Funerals are not what they necessarily have been in past times. Often, people are looking for options that are more environmentally sustainable. There’s the “green funeral” option, where traditional aspects of funerals, such as embalming and vaults, are eschewed in favour of alternatives more in keeping with the environment. Mornington Green offers an alternative rooted in the planting of trees in a legacy garden.
The “Green” Funeral
Recently there’s been a trend towards “green” funerals. A green funeral changes or omits certain practices once considered standard funeral practices in the name of more environmentally friendly practices. Generally, procedures such as embalming, the purchase of an expensive casket, and cement vaults are expected for many deceased. Now, there’s a trend towards eliminating these aspects of the funeral in the name of environmentalism. Also, some people find more closure without the more expensive aspects of a funeral which are less environmentally sound and have a larger carbon footprint. Green funerals are also often less expensive than funerals with the aforementioned practices.

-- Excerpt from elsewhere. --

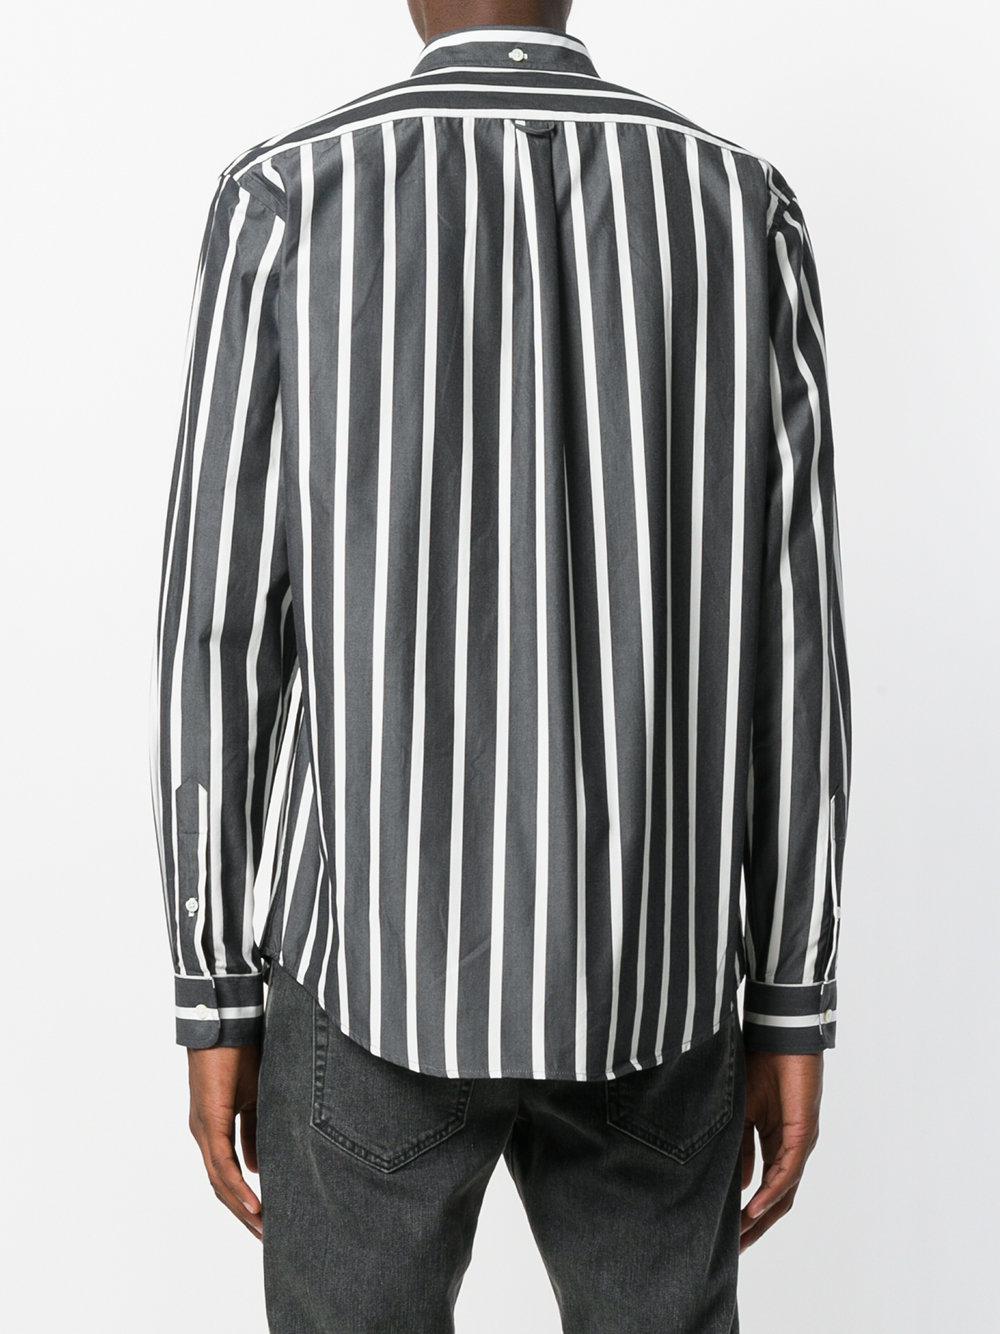 Lyst - Schnayderman'S Striped Shirt in Black for Men
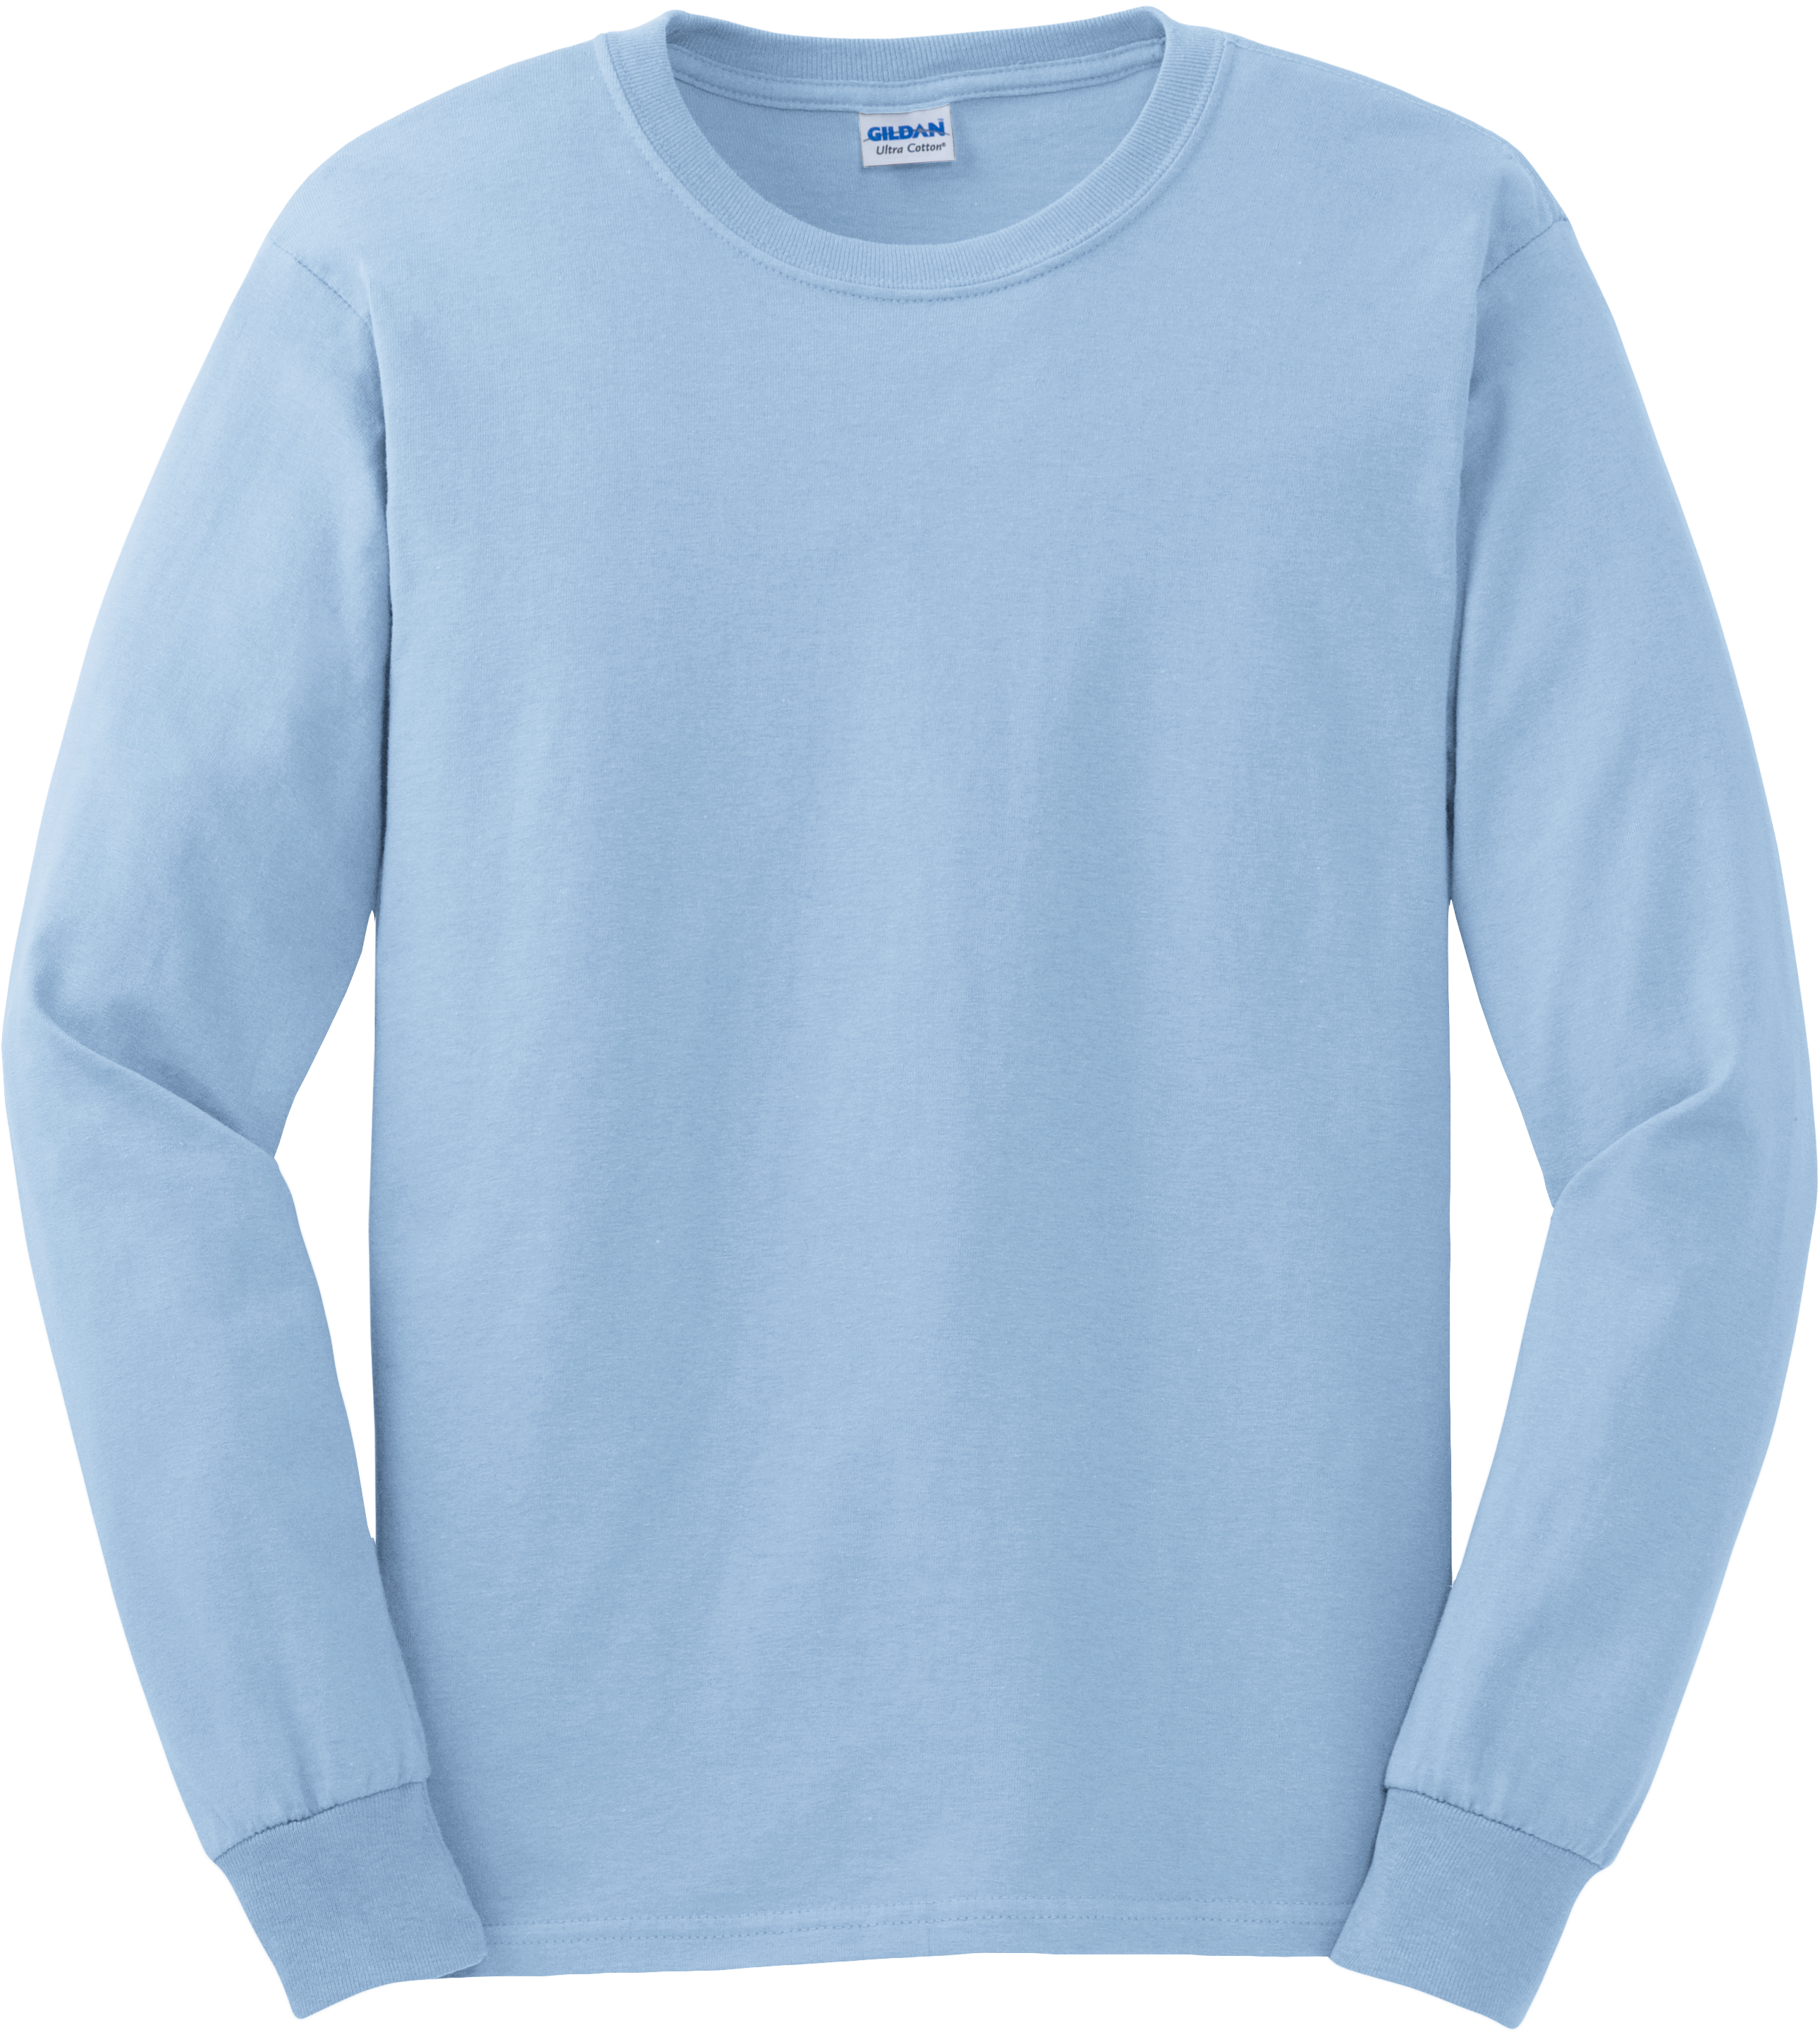 Watercolor Wolf Classic T-shirt - Aqua Blue Pearl Pink Seashells Girly Mermaid Shell (1155x1155), Png Download

Funerals with embalming, expensive caskets, vaults, and other options often considered traditional for a burial often cost a significant amount of money, often many thousands of dollars. Sometimes people choose to be buried simply in a cotton shroud. Also, vaults and steel containers aren’t biodegradable. Embalming is also not necessarily environmentally friendly. Embalming fluid may make a corpse look “natural”, but embalming fluid is often drained from the deceased and flushed down a drain, contaminating water supplies. The choice to not embalmed a deceased person often provides more closure to people who would rather not prolong the viewing process with embalming.
Cremation presents often destructive challenges. One downside of cremation is what to do with ashes. Scattering ashes often contaminates forests, pools, lakes, or other natural formations. A coffin made of biodegradable woods presents a more environmentally sound option to cremation.
If the minimization of a carbon footprint is important for you, check the distance the simpler casket has been transported. A simpler casket made of biodegradable materials also works around the fact that many funeral homes are not obliged or legally forbidden from taking back coffins without extra charge.
The Legacy Park Alternative
It’s important to remember that burial of any type often isn’t possible where funeral plots are at a premium or simply not available. Burial is often considered the most traditional option. However, this option is increasingly unavailable. In Australia, burial plots are filling fast, with some cemeteries projected to reach full occupancy in a few years. Zoning restrictions have limited the expansion of cemeteries or the creation of new cemeteries. About 54% of Australians choose to be cremated with this option expanding by half a percent each year. Again, environmentally sustainable and non-polluting alternatives exist, such as growing human ashes into a tree.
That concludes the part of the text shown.